DATA EXCERPT:
=======

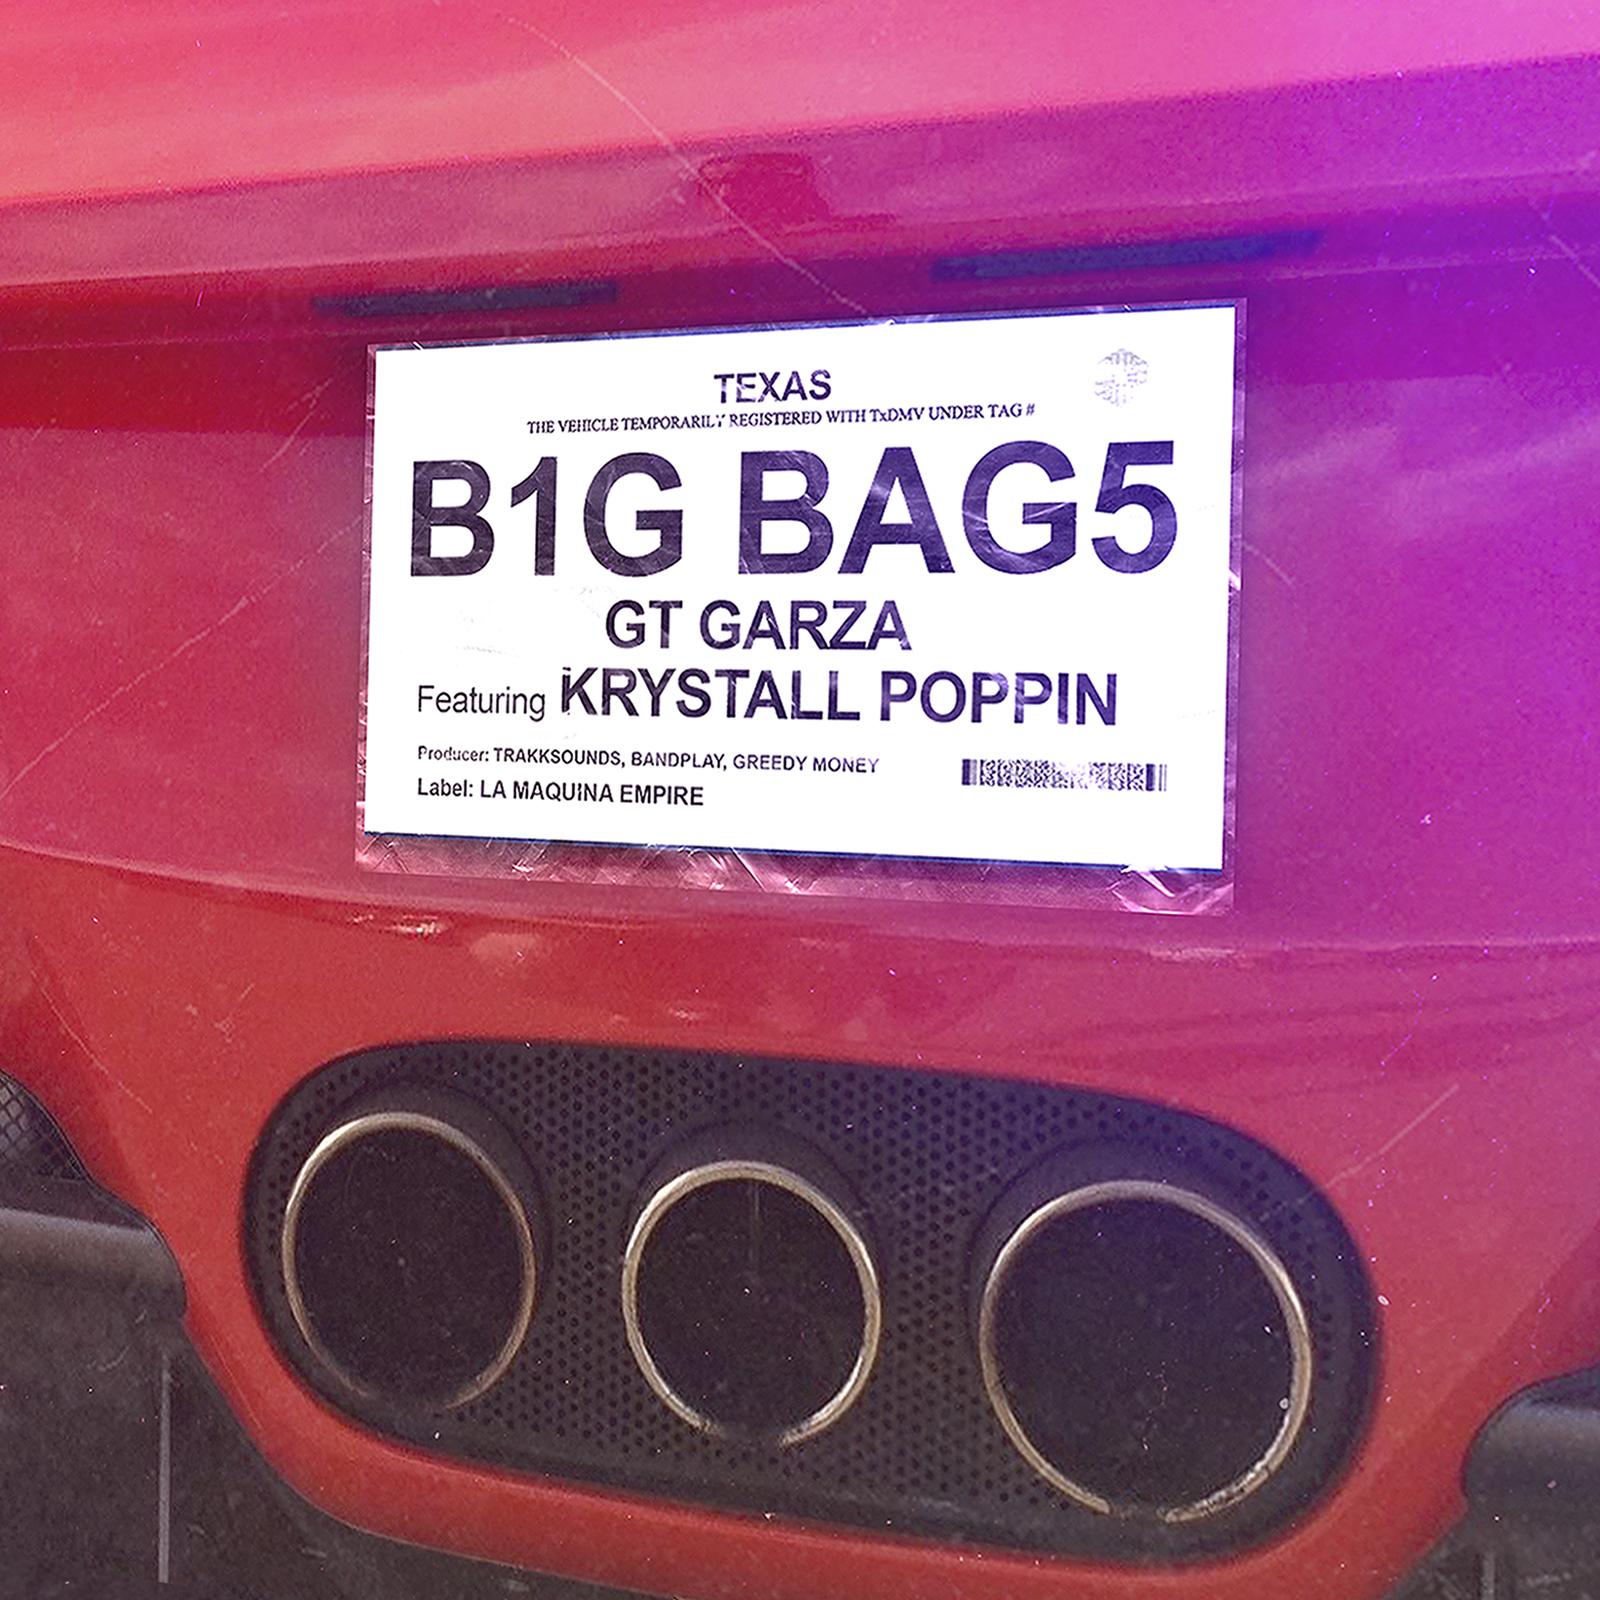 Big Bags - GT GARZA FEAT. KRYSTALL P
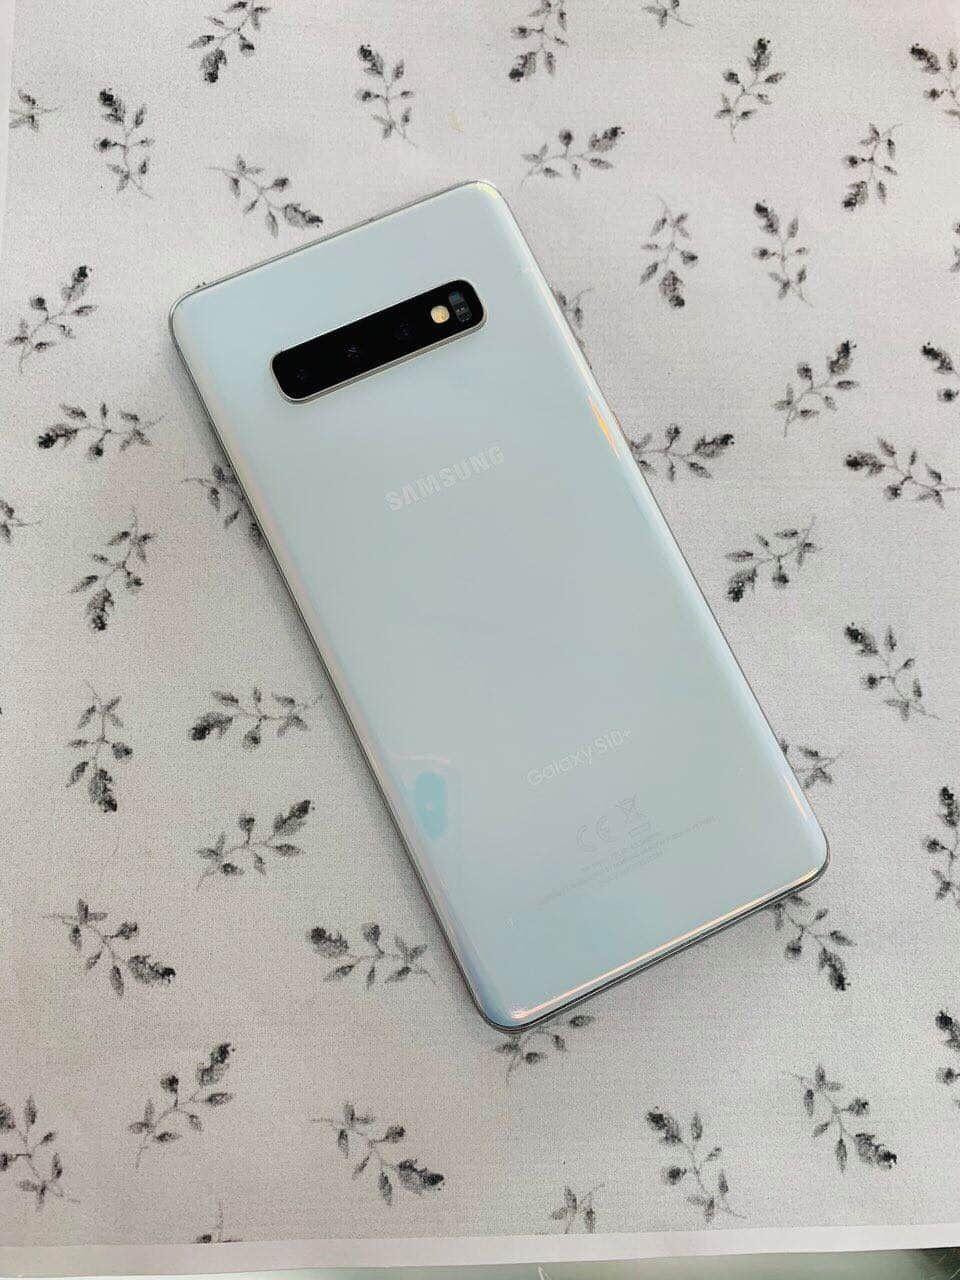 Samsung Galaxy S10 Plus (128 GB) Excellent Condition With Warranty
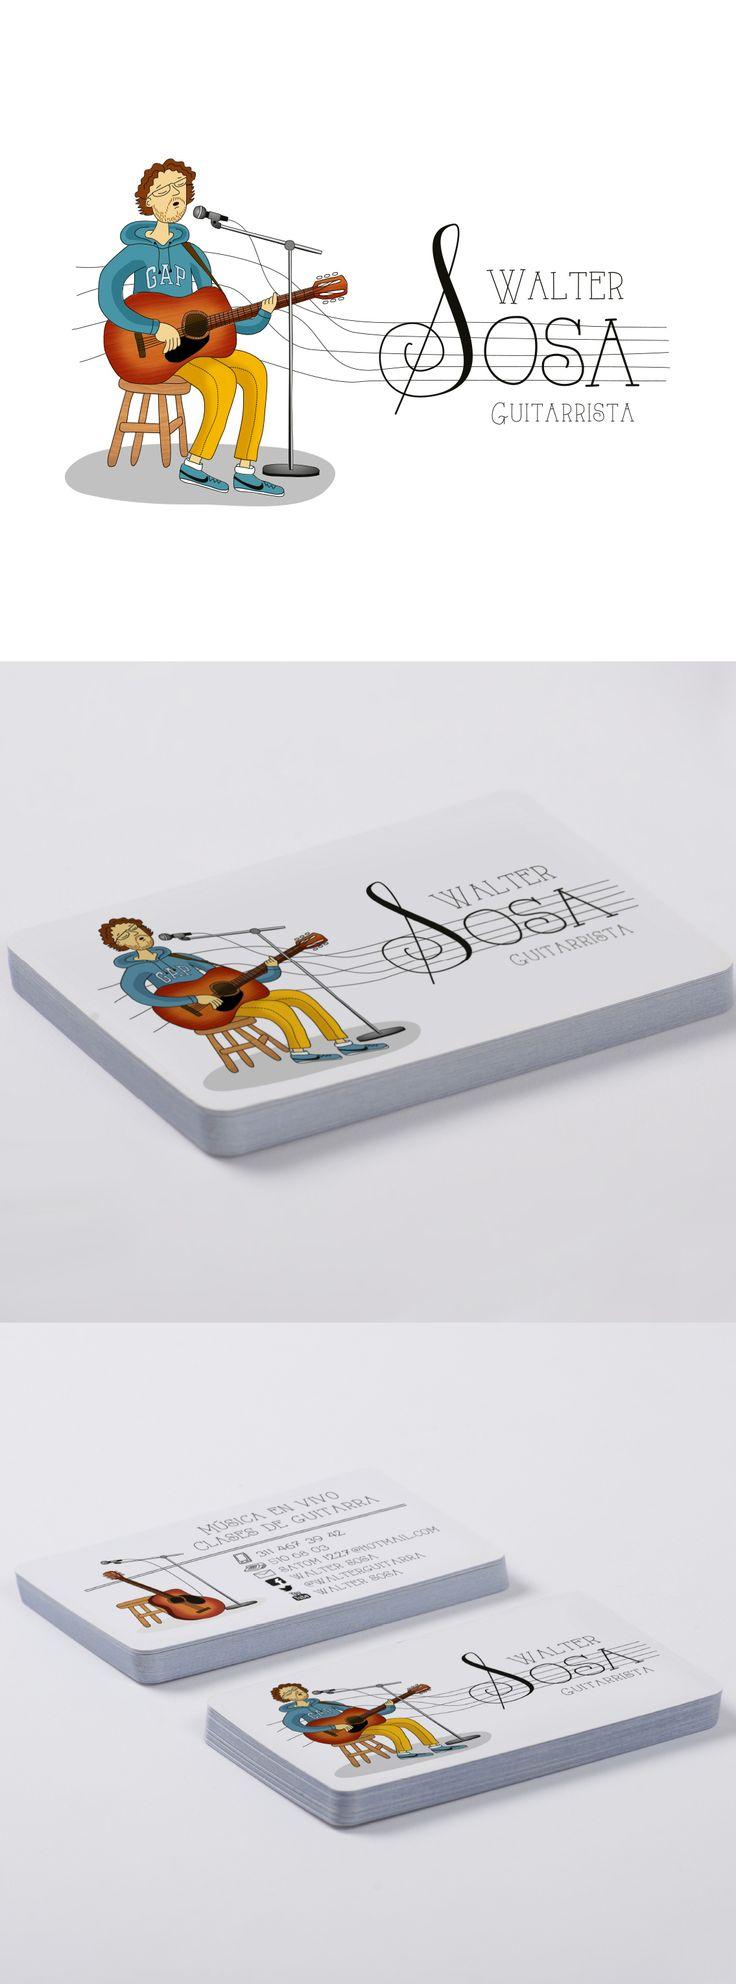 walter sosa #guitarrista #branddesign #ilustracion
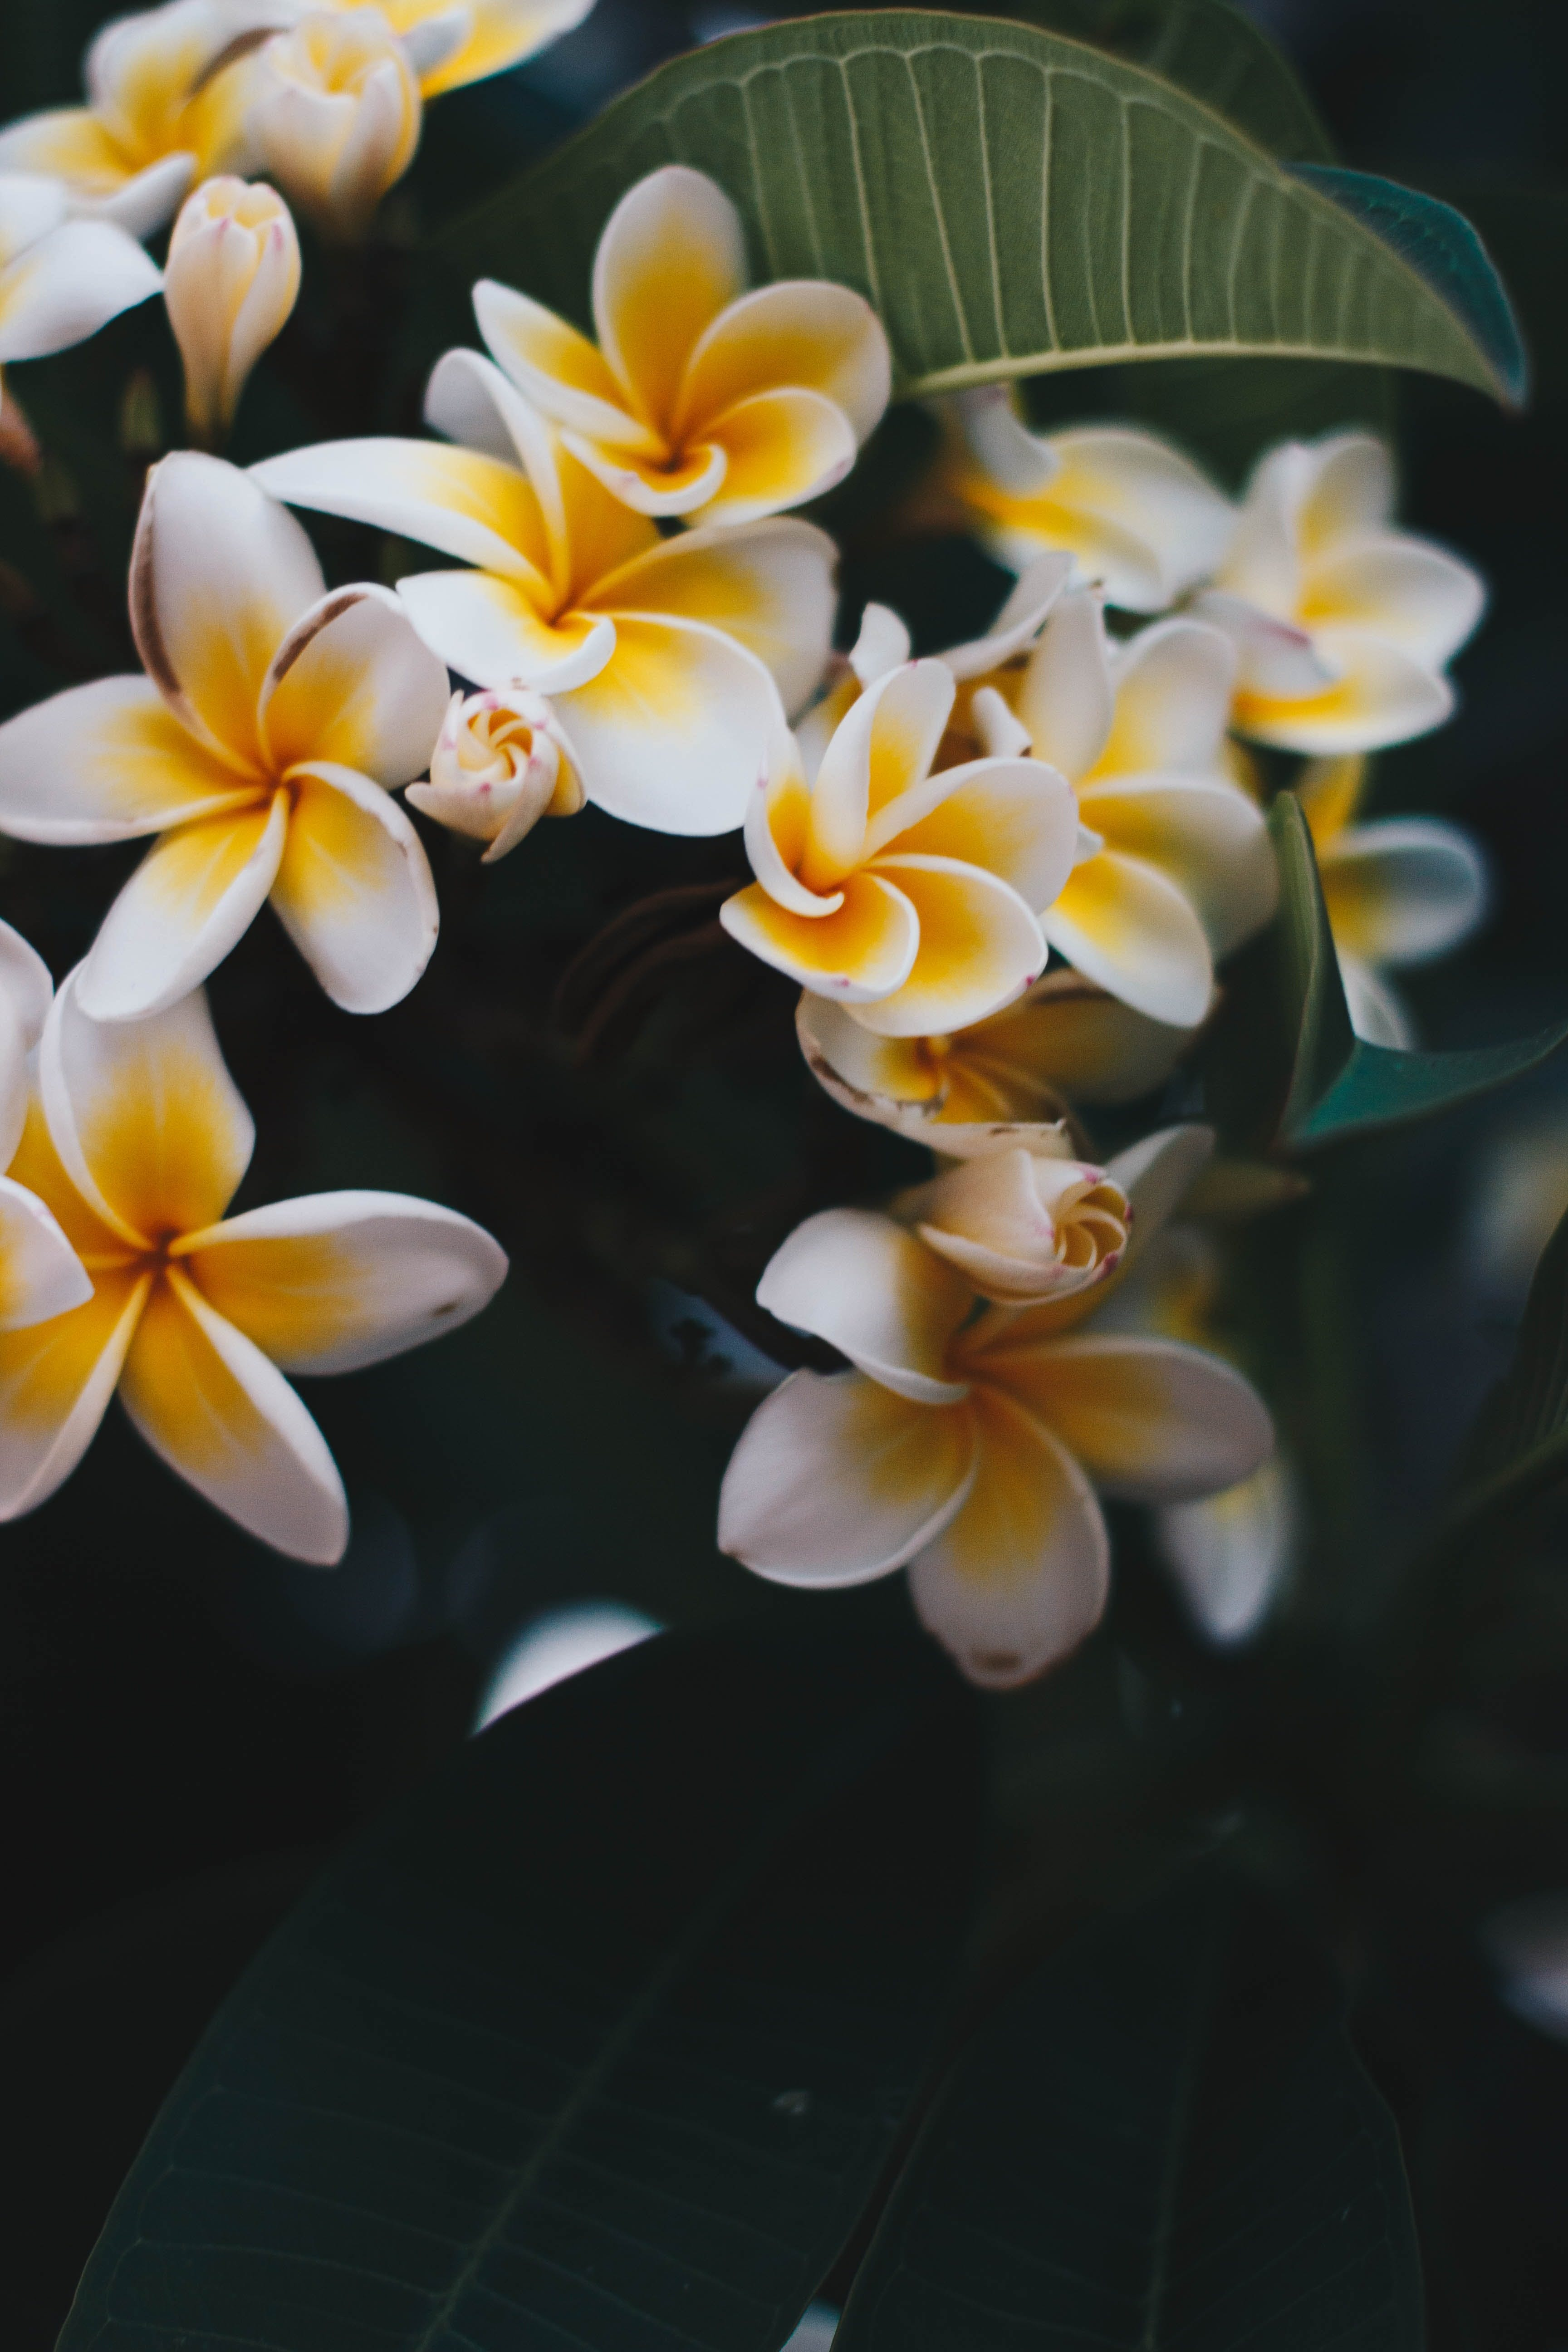 Photo of Yellow-and-white Frangipani Flowers

=======

WHAT IS REQUIRED:
In the copy, include no pictures; everything else in the material should be written out exactly.

WRITTEN SOLUTION:
 Big Bags - GT GARZA FEAT. KRYSTALL P
 Samsung Galaxy S10 Plus (128 GB) Excellent Condition With Warranty
 walter sosa #guitarrista #branddesign #ilustracion
 Photo of Yellow-and-white Frangipani Flowers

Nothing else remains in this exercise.